MAIN-VLA: Modeling Abstraction of Intention and eNvironment for Visual-Language-Action

Anonymous Submission

MAIN-VLA Framework Overview

Overview of MAIN-VLA. IA and ESA align instructions and visuals into sparse, actionable primitives during training. At inference, top-K token pruning filters redundancy for efficient, low-latency embodied behavior.

Abstract

Despite significant progress in Visual-Language-Action (VLA), in highly complex and dynamic environments that involve real-time unpredictable interactions (such as 3D open worlds and large-scale PvP games), existing approaches remain inefficient at extracting action-critical signals from redundant sensor streams. To tackle this, we introduce MAIN-VLA, a framework that explicitly Models the Abstraction of Intention and eNvironment to ground decision-making in deep semantic alignment rather than superficial pattern matching. Specifically, our Intention Abstraction (IA) extracts verbose linguistic instructions and their associated reasoning into compact, explicit semantic primitives, while the Environment Semantics Abstraction (ESA) projects overwhelming visual streams into a structured, topological affordance representation. Furthermore, aligning these two abstract modalities induces an emergent attention-concentration effect, enabling a parameter-free token-pruning strategy that filters out perceptual redundancy without degrading performance. Extensive experiments in open-world Minecraft and large-scale PvP environments (Game for Peace and Valorant) demonstrate that MAIN-VLA sets a new state-of-the-art, which achieves superior decision quality, stronger generalization, and cutting-edge inference efficiency.

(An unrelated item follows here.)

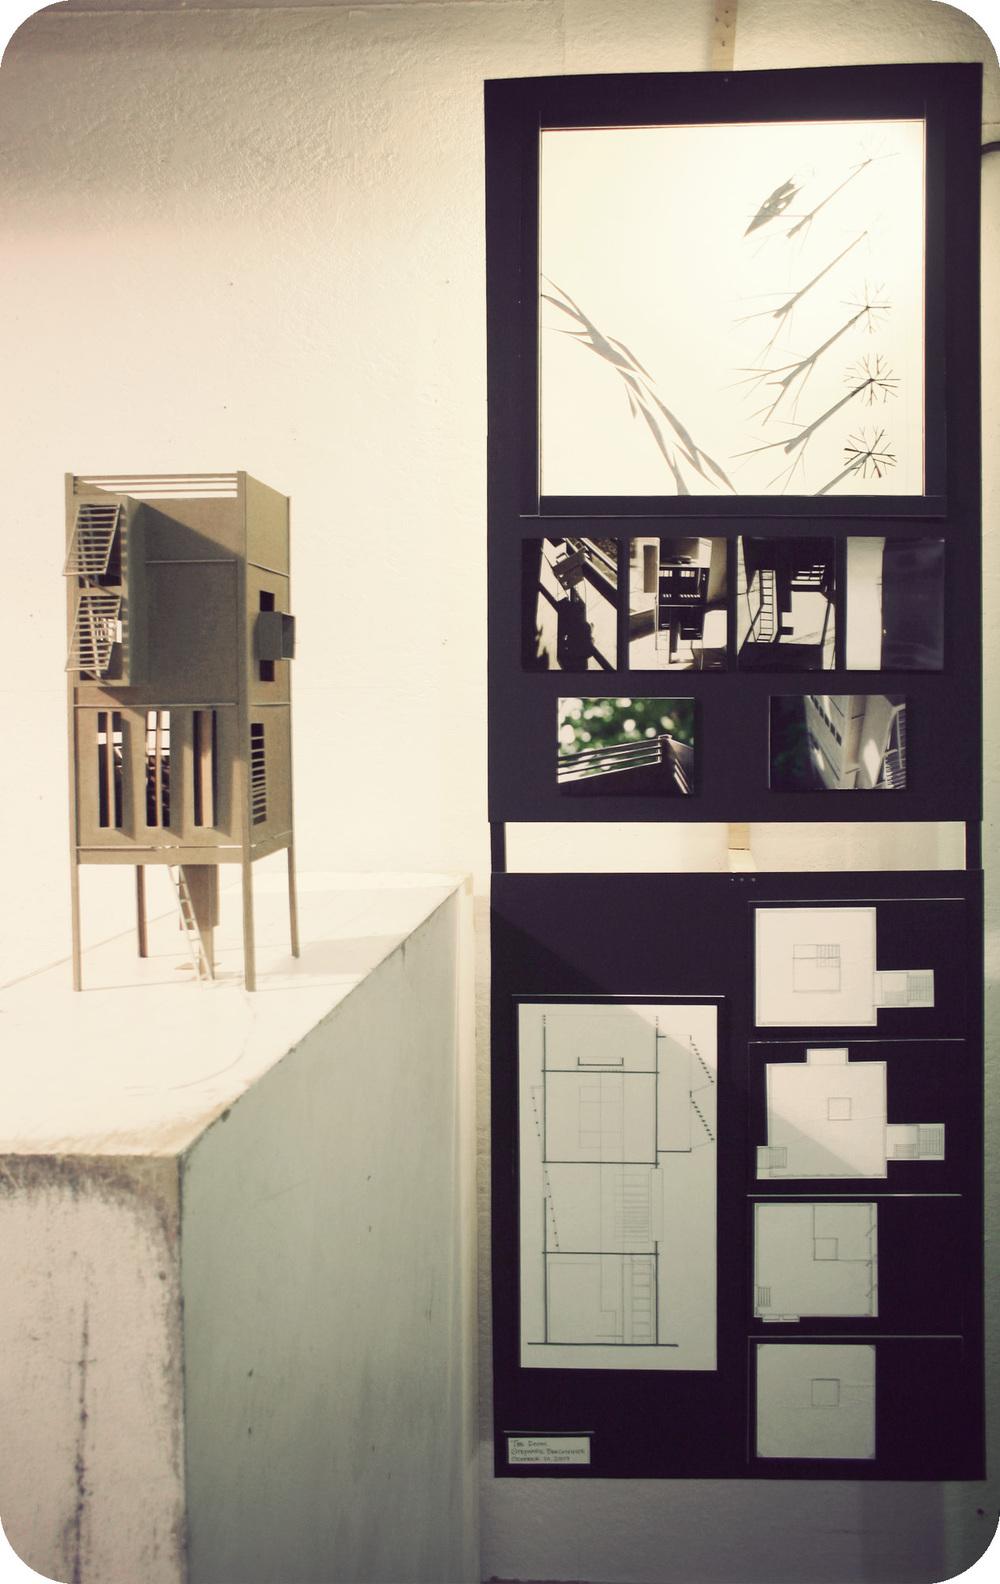 The Room_09.jpg
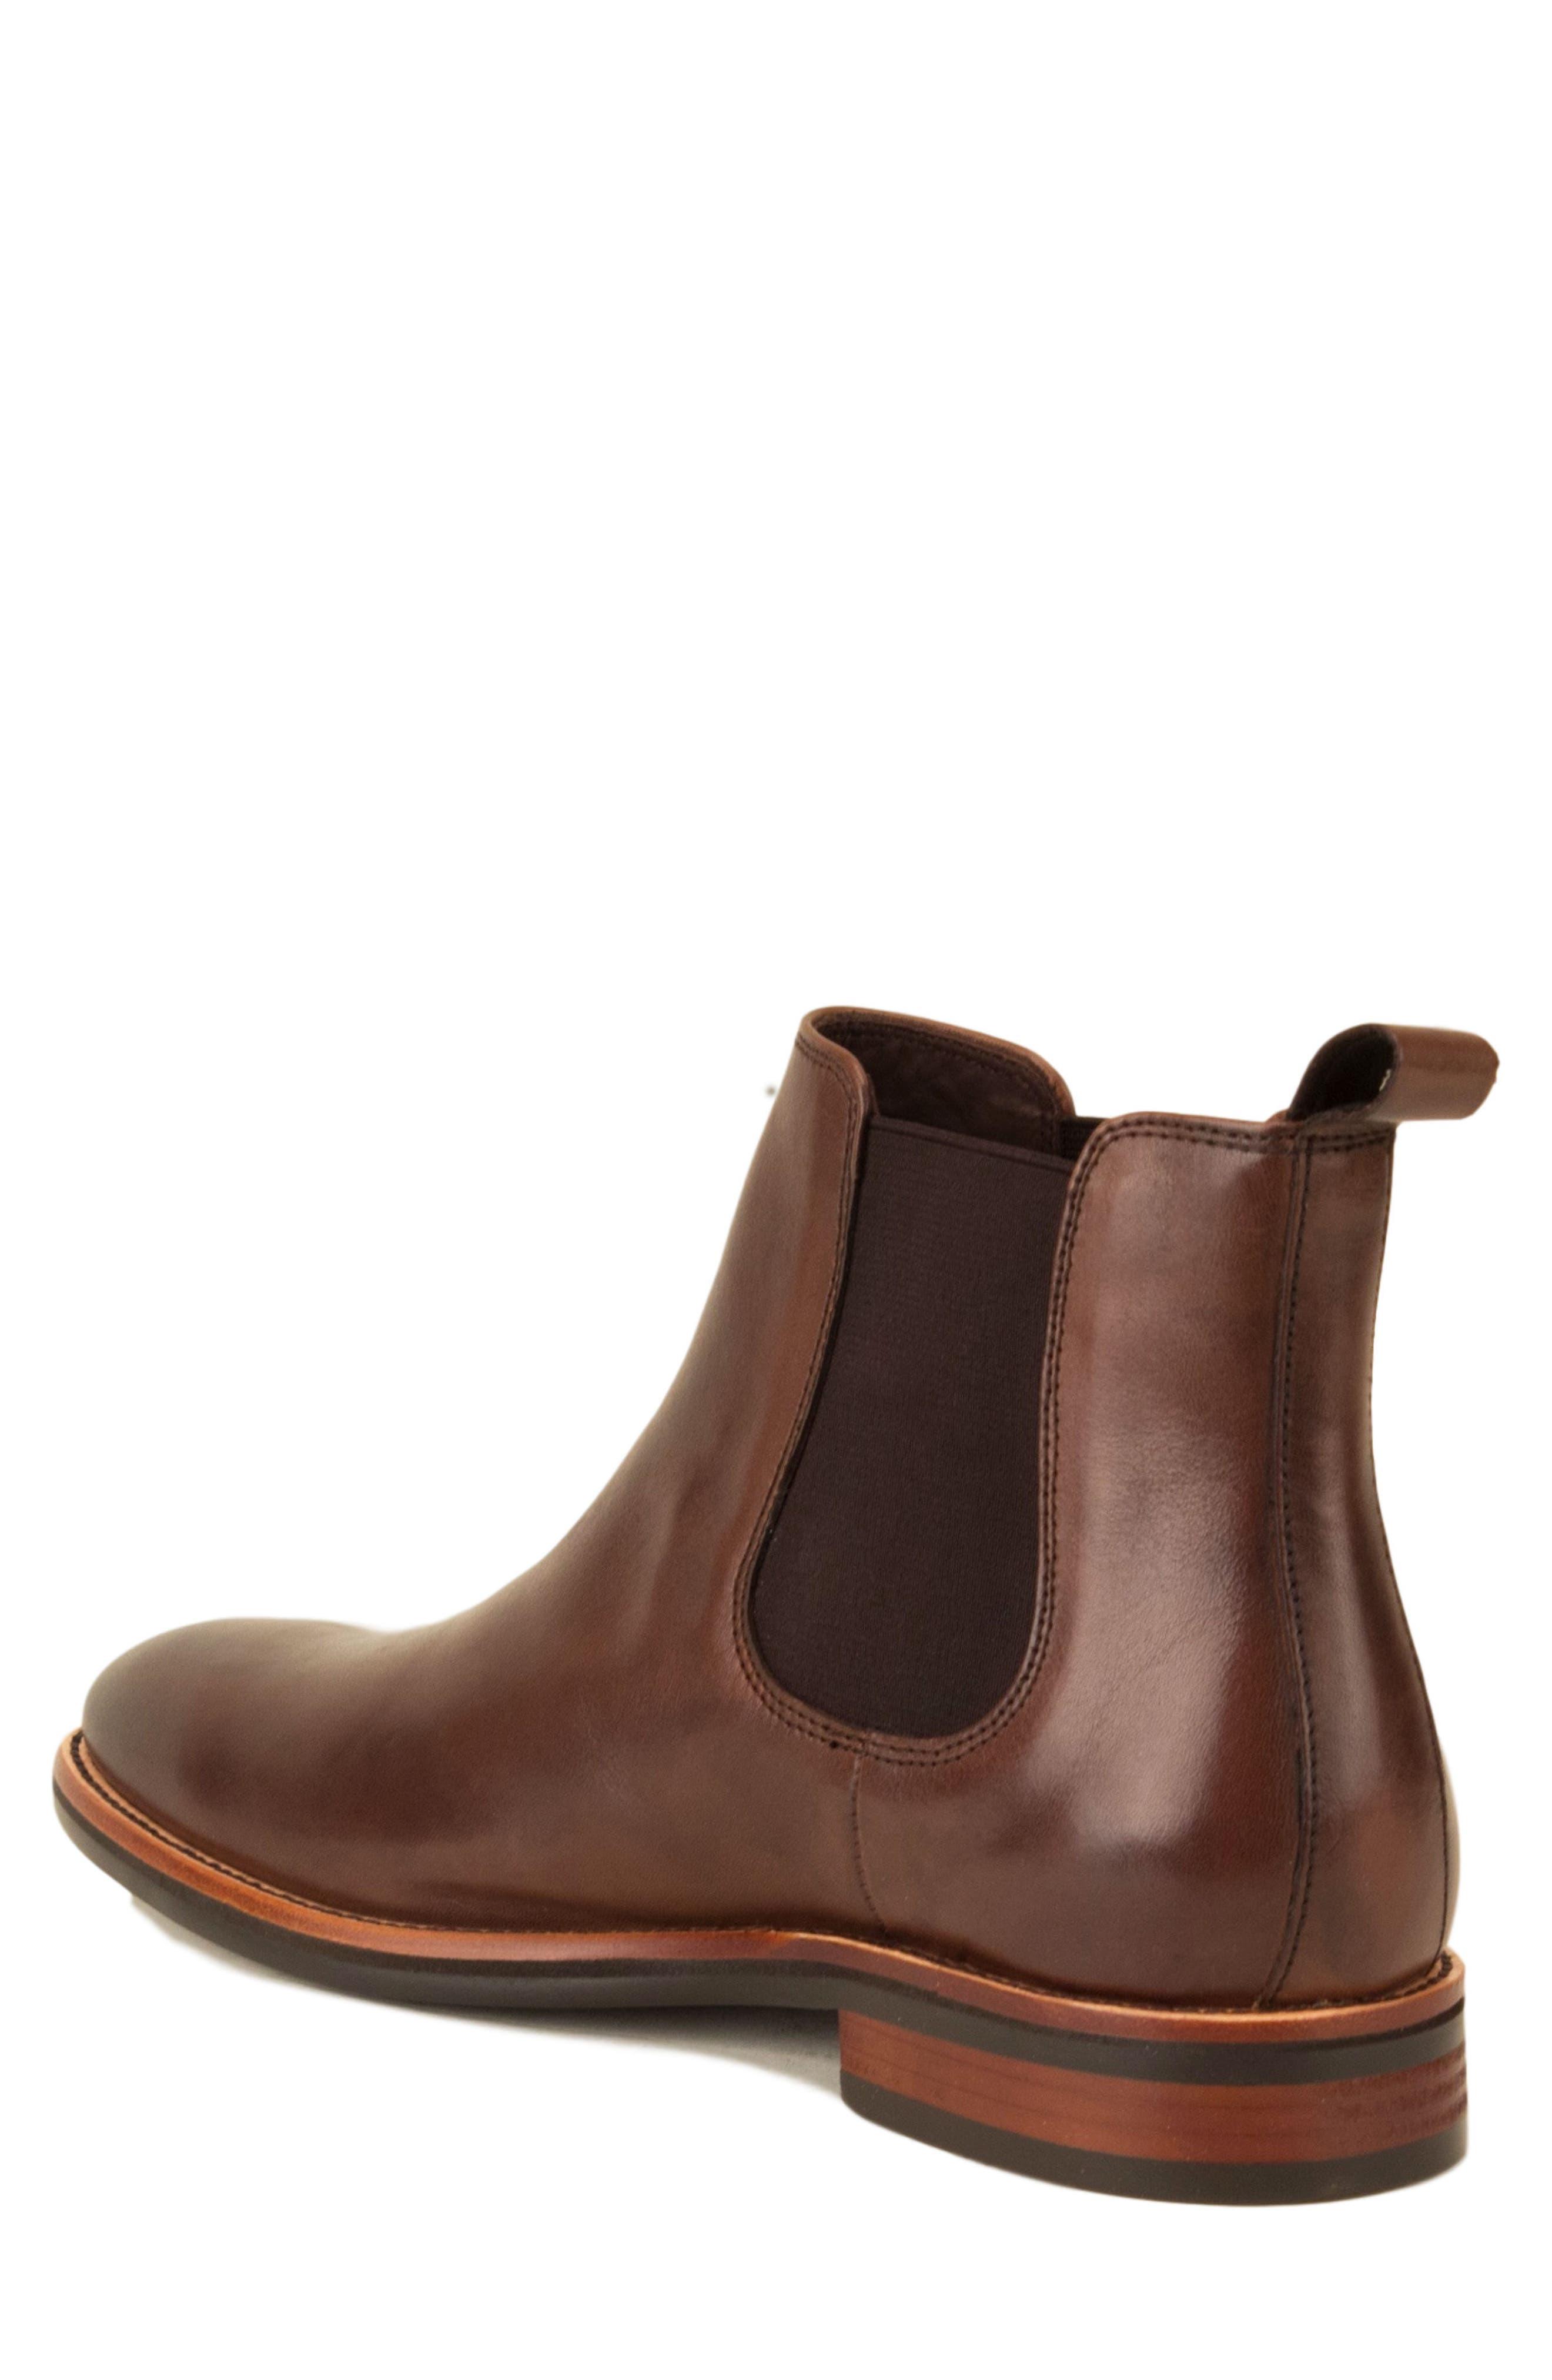 'Wallis' Chelsea Boot,                             Alternate thumbnail 2, color,                             217

Benchmark on Game for Peace

We establish a taxonomy of six atomic tasks that encapsulate the complete lifecycle of a battle royale match at an intermediate difficulty level (Gold and Silver tiers).

Precision Parachuting

Controlling descent trajectory to land within a minimal radius of a designated waypoint.

Resource Scavenging

Exploring the environment to identify, pick up, and collect essential loot such as weapons and armor.

Combat Engagement

Detecting adversaries and managing recoil to inflict lethal damage in encounters.

Teammate Revival

Identifying and reviving knocked-down teammates to restore their combat status.

Vehicle Acquisition

Searching for, locating, and boarding available vehicles to secure strategic mobility across the battlefield.

Strategic Rotation

Navigating towards the shrinking safe zone while avoiding obstacles under strict time constraints.